Author: Martin O’Bryan M.D.

Educational Pearls:

  • Vocal cord dysfunction can mimic other causes of stridor, such as asthma and upper airway obstruction.
  • Patients are often very anxious because of the difficulty of inspiration.
  • The definitive diagnosis is laryngoscopy that must be done by a pulmonologist.
  • The treatment is general reassurance, asthma medications will not help. CPAP and heliox can be used to help with the stridor.
  • Benzodiazepines can be used to reduce the associated anxiety.

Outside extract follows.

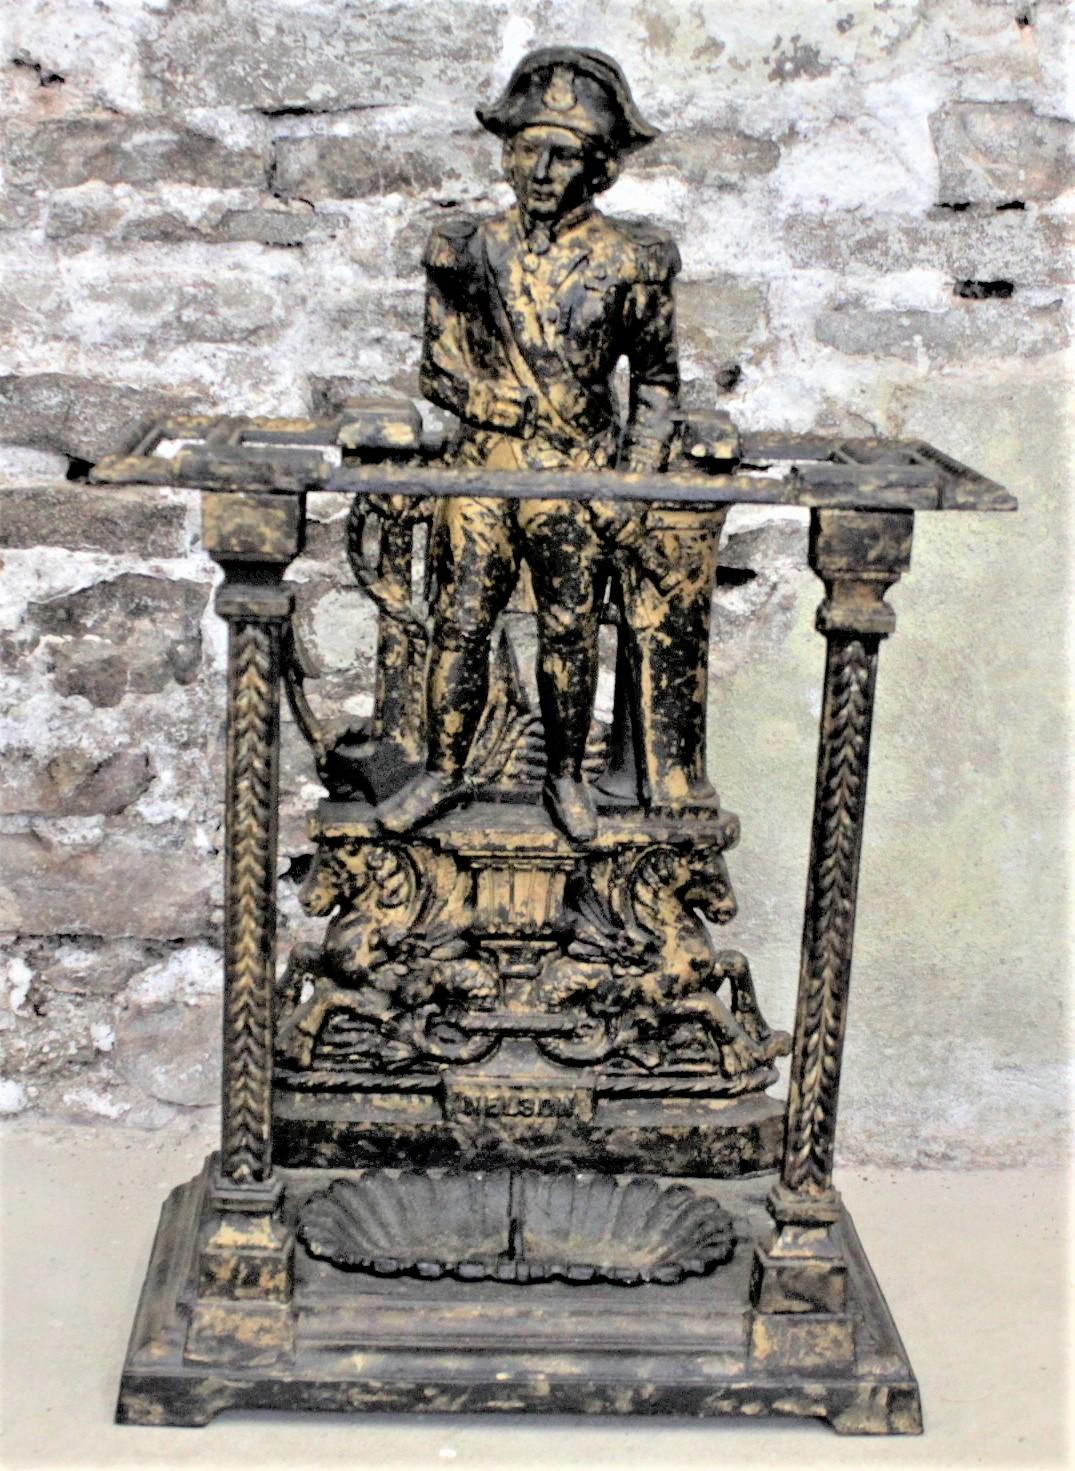 This antique cast iron umbrella or walking stick stand is unsigned, but presumed to have been made in England in circa 1880 in the period Victorian style. The ornate casting of this umbrella stand features a figural representation of Admiral Lord
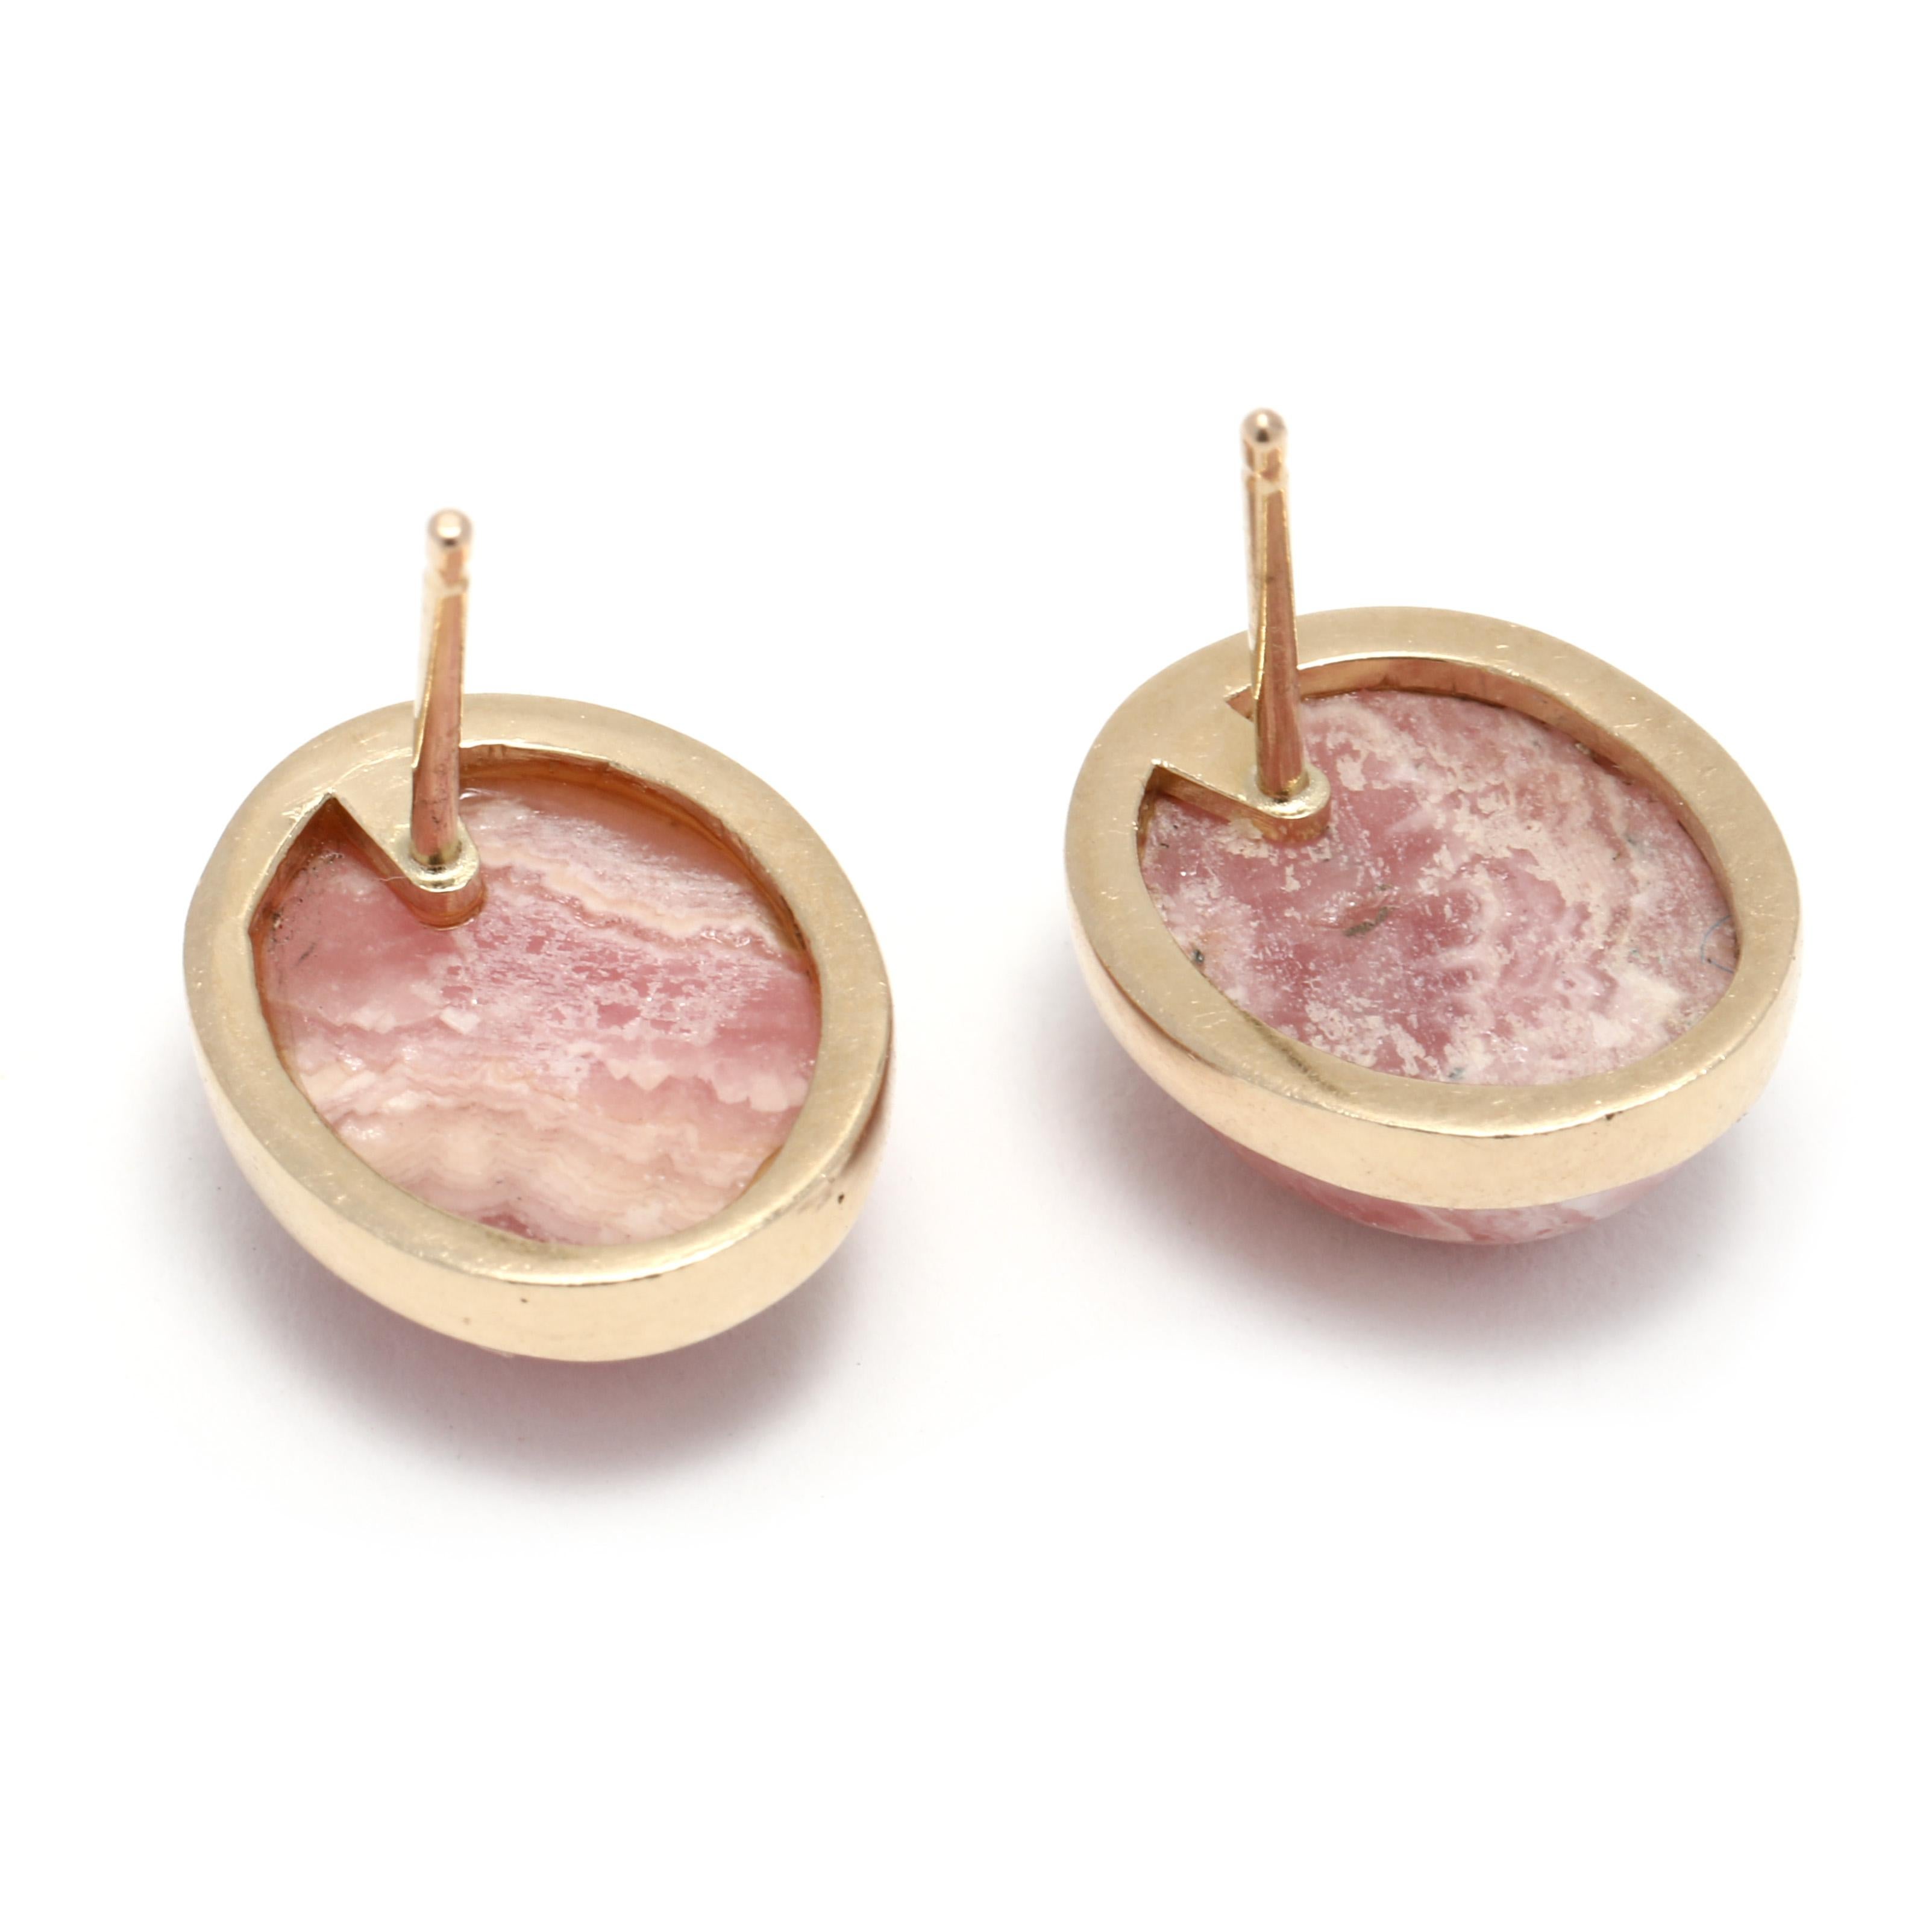 These beautiful 9ctw Rhodochrosite stud earrings are the perfect way to add a touch of glamour to any outfit. Crafted from 14K yellow gold, the earrings feature two pink rhodochrosite stones, each measuring 0.5 inches in length. These stunning studs

References: https://asthmarp.biomedcentral.com/articles/10.1186/s40733-015-0009-z

Podcast #182: Syncope and PE

Run Time: 3:44 minutes

Author: Aaron Lessen, MD

Educational Pearls:

  • A new Italian study has been released, which looks at the prevalence of Pulmonary Embolism (PE) in patients admitted for syncope.
  • This study examined all patients admitted with syncope, regardless of their clinical picture, and worked them up for PE, which included wells score, D-dimer, and CT
  • Study demonstrated 1 out of 6 pts admitted for syncope had a PE.
  • Despite the headlines this study is making in the news, it is difficult to make conclusions. The study was not perfect, and mainly looked at a sick population of patients (only those who warranted admission) who had many comorbidities.  Until further studies are conduction, current practice should be to only work up syncope patients for a PE if they are exhibiting related signs and symptoms.